[Paleopsych] Gary North: Google's Free Desktop Search Engine: E-Mails Only

Premise Checker checker at panix.com
Tue Oct 19 16:45:54 UTC 2004


Gary North: Google's Free Desktop Search Engine: E-Mails Only
Gary North's REALITY CHECK
Issue 388, October 19, 2004

[For myself, I definitely want to be able to index WordPerfect files, esp. 
good old WP 5.1 for DOS, and files without extensions, as so many WP files 
are and so many I download from my UNIX shell account. Using Window's own 
search engine, I can find any string in any file, but opening them is a 
horrible chore. Actually, WP 5.1 for DOS allows you to rapidly peek at 
files one after another by pressing *one* key, but only in alphabetical 
order by file name within a single directory.
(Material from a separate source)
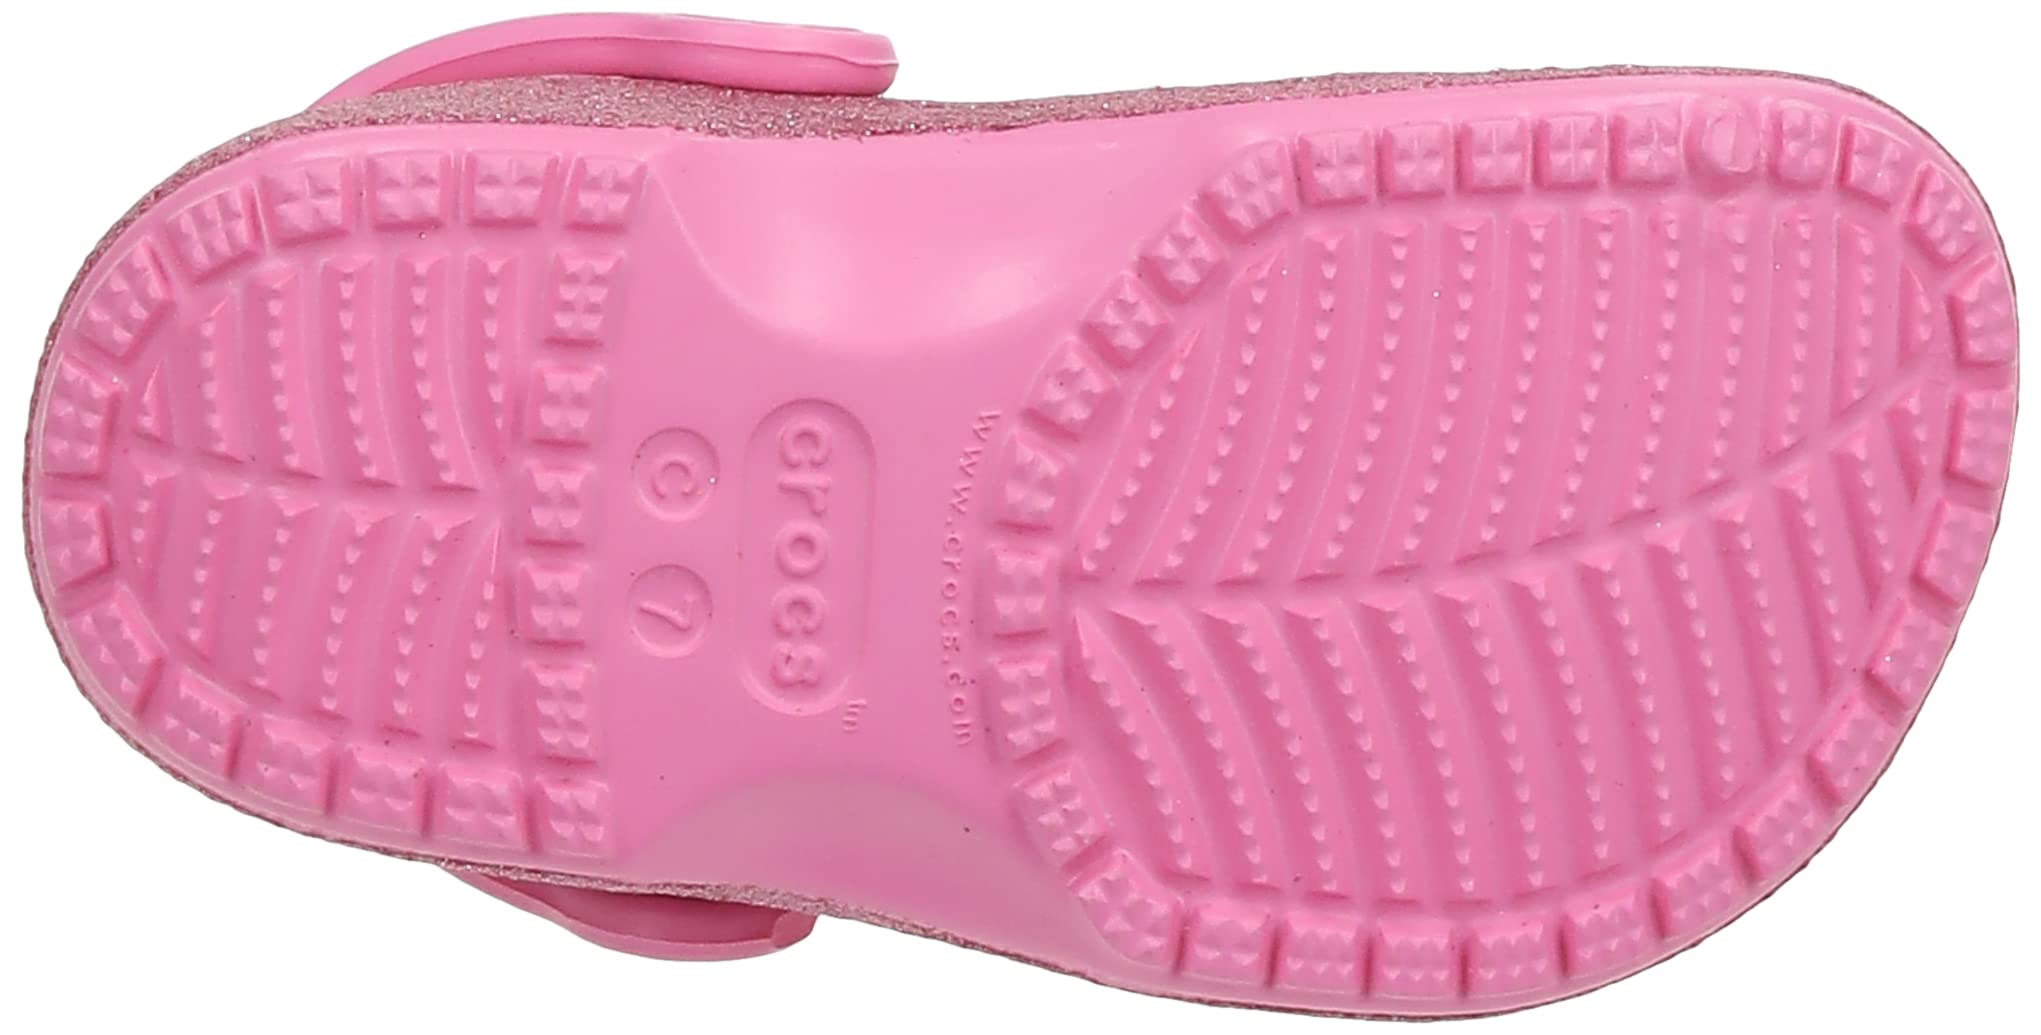 Crocs Unisex-Child Classic Glitter Clogs | Sparkly Shoes for Kids
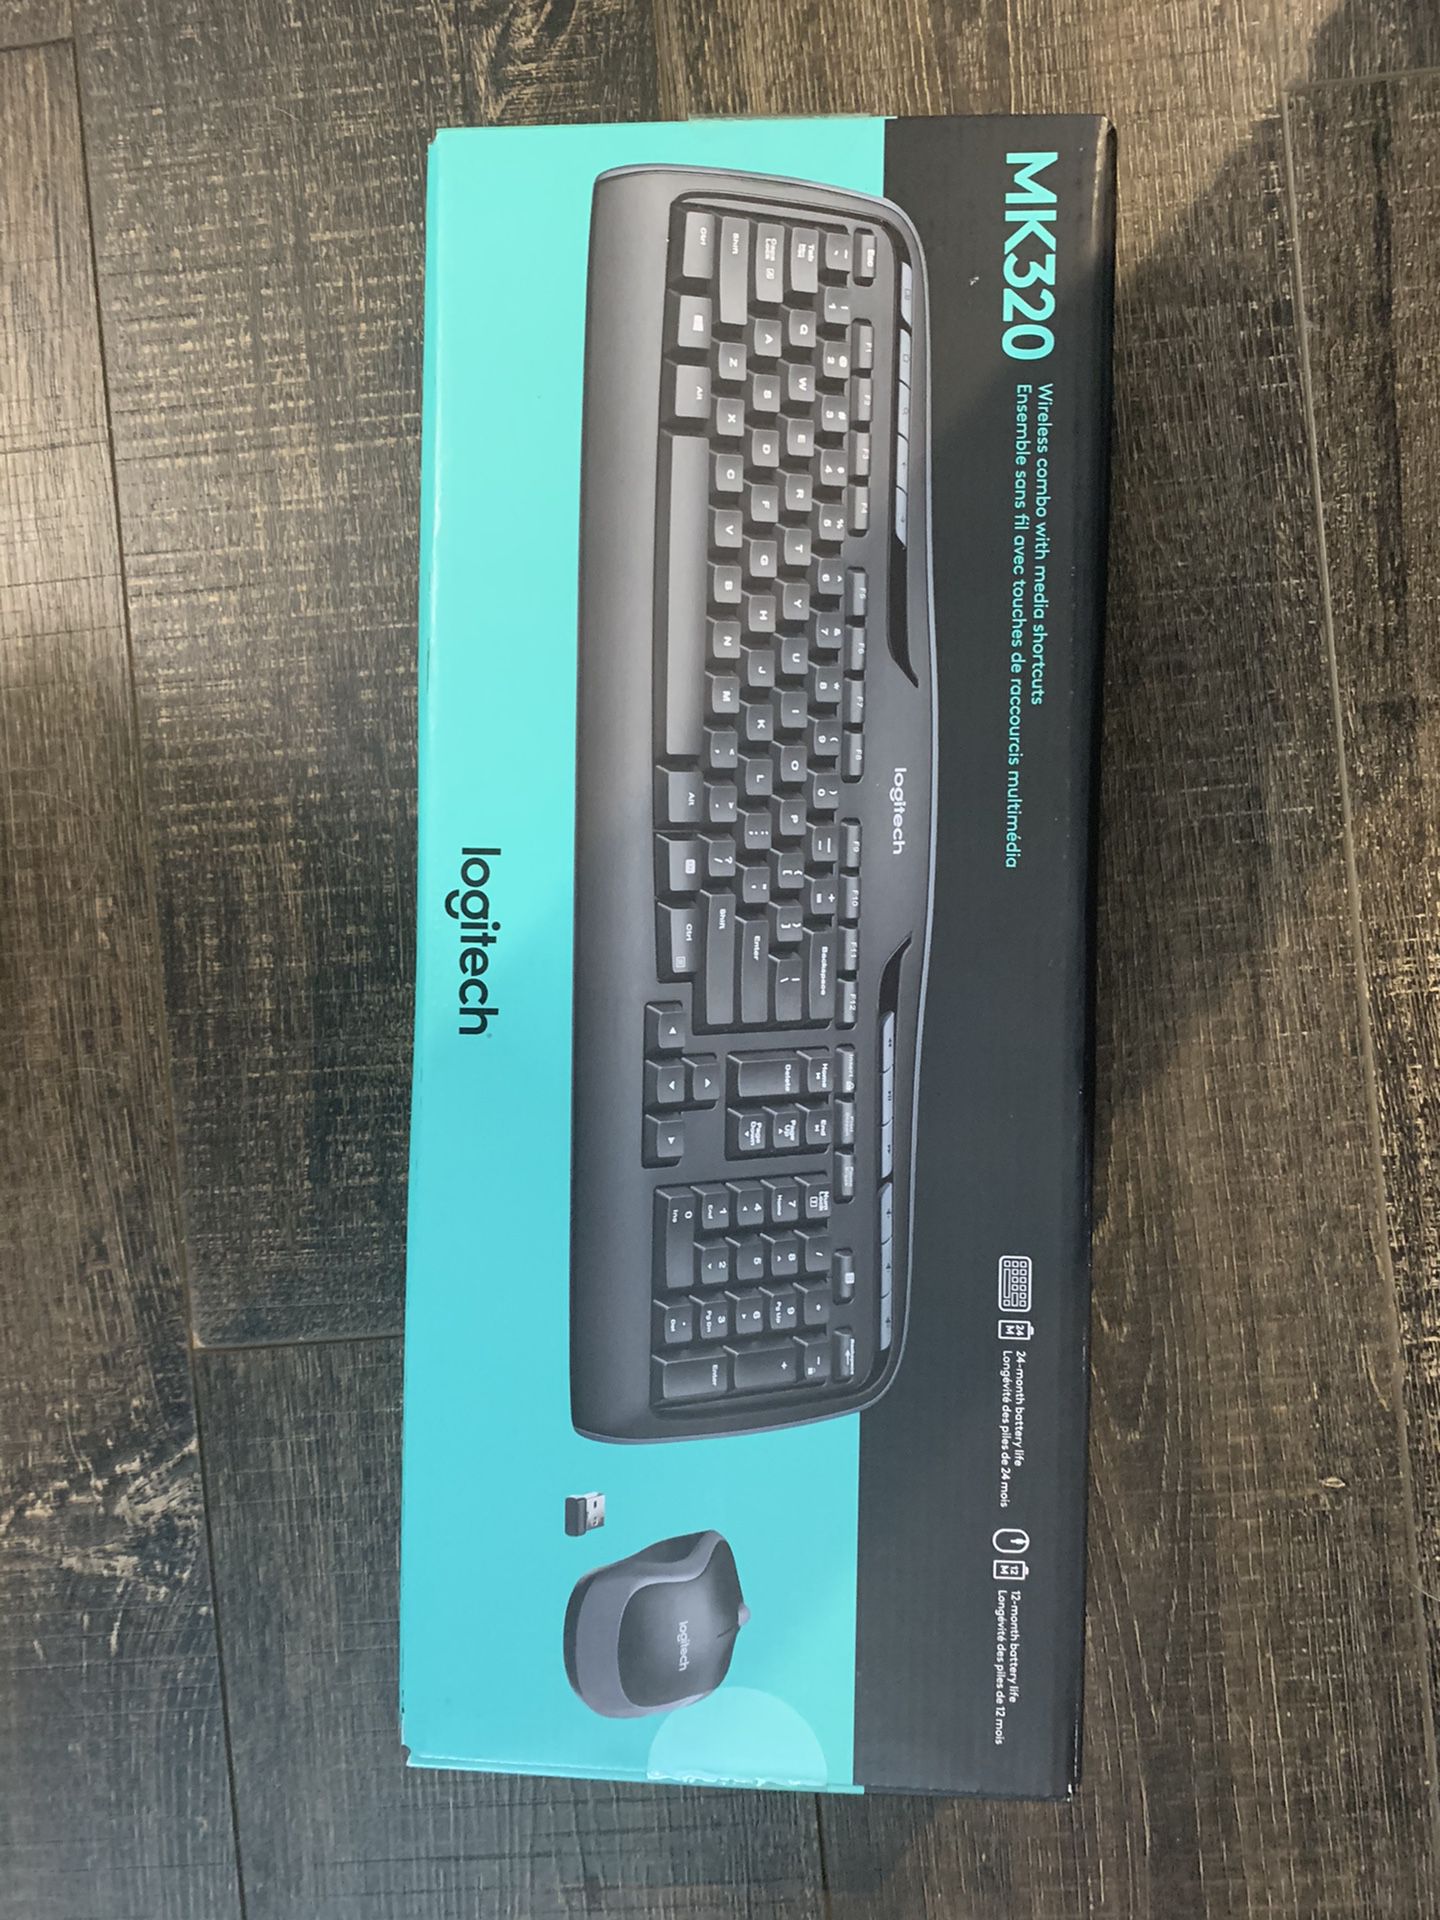 Brand new Logitech wireless keyboard and mouse

Power Desk lets you do this 
but converts files first, so you are not looking at the raw ASCII 
characters, and is thus a bit slow.

[And I'd love to be able to find files with words near one another, as you 
can in Nexis, and then specific parts of files. Thus, I have a long WP 
file of my cassette tapes and would like to find all of them what have 
Beethoven conducted by Mengelberg.]

      You are hereby authorized to send this report to
      anyone, or post it on-line.

         GOOGLE'S FREE DESKTOP SEARCH ENGINE: E-MAILS ONLY

      I have good news and bad news.  The good news is that
Google's new Desktop Search program works great on a hard disk
full of old e-mails.  The bad news is that it doesn't work on
downloaded Web pages after day one.

      You can download the program here:

                     http://desktop.google.com

      To download it takes only a couple of minutes.  It offers
you a choice: let the program communicate with Google to identify
problems -- this is a beta version -- or override this feature.
I overrode it.  I am writing this report instead.

      As you know, I think the best way to make more money is to
increase your productivity.  That's why, from time to time, I
report on freeware that can improve the way we do our work.  This
is one of those reports.

      After 24 years of dreaming, one of my data storage and data
retrieval dreams has come true.  Well, not quite.  It came true
for one day.  Then I woke up.  Reality intruded.

      I assume that you have the same dream: locating that lost
file, e-mail, or article.


HERE IS MY PROBLEM

      I am a writer.  I write all sorts of stuff -- e-mails,
articles, and books.  Like everyone else, I forget where I have
filed all this stuff on my hard drive.  I lose track of where
certain items are.

      I also do a lot of research.  I download links in my
"Favorites" section, but this feature has severe limitations.
The main one is that Web links go bad all the time.  When I click
on a link, I often get this page instead: "This page cannot be
displayed."  Bad news.  A second limitation is that I must be on-
line for a Web link to work.  The Web document is not on my hard
drive.  A third limitation is that I can search only for keywords
in the name I assigned to the link.  Because the page itself is
not on my hard drive, I cannot search for words in the original
article.

      Google has begun to solve my problem.  The company has just
released a search program for desktop computers.  It looks and
works much like Google's on-line search engine does.  It works
instantaneously.  It is in beta-testing stage.  It still has
glitches.  The company is going to enlist a "team" of several
million beta-testers who will help identify problems free of
charge.  I am one of them.

      I downloaded the program.  This took under two minutes.  I
then had it index my hard drive.  I have about six gigabytes of
files.  This process took under ten minutes.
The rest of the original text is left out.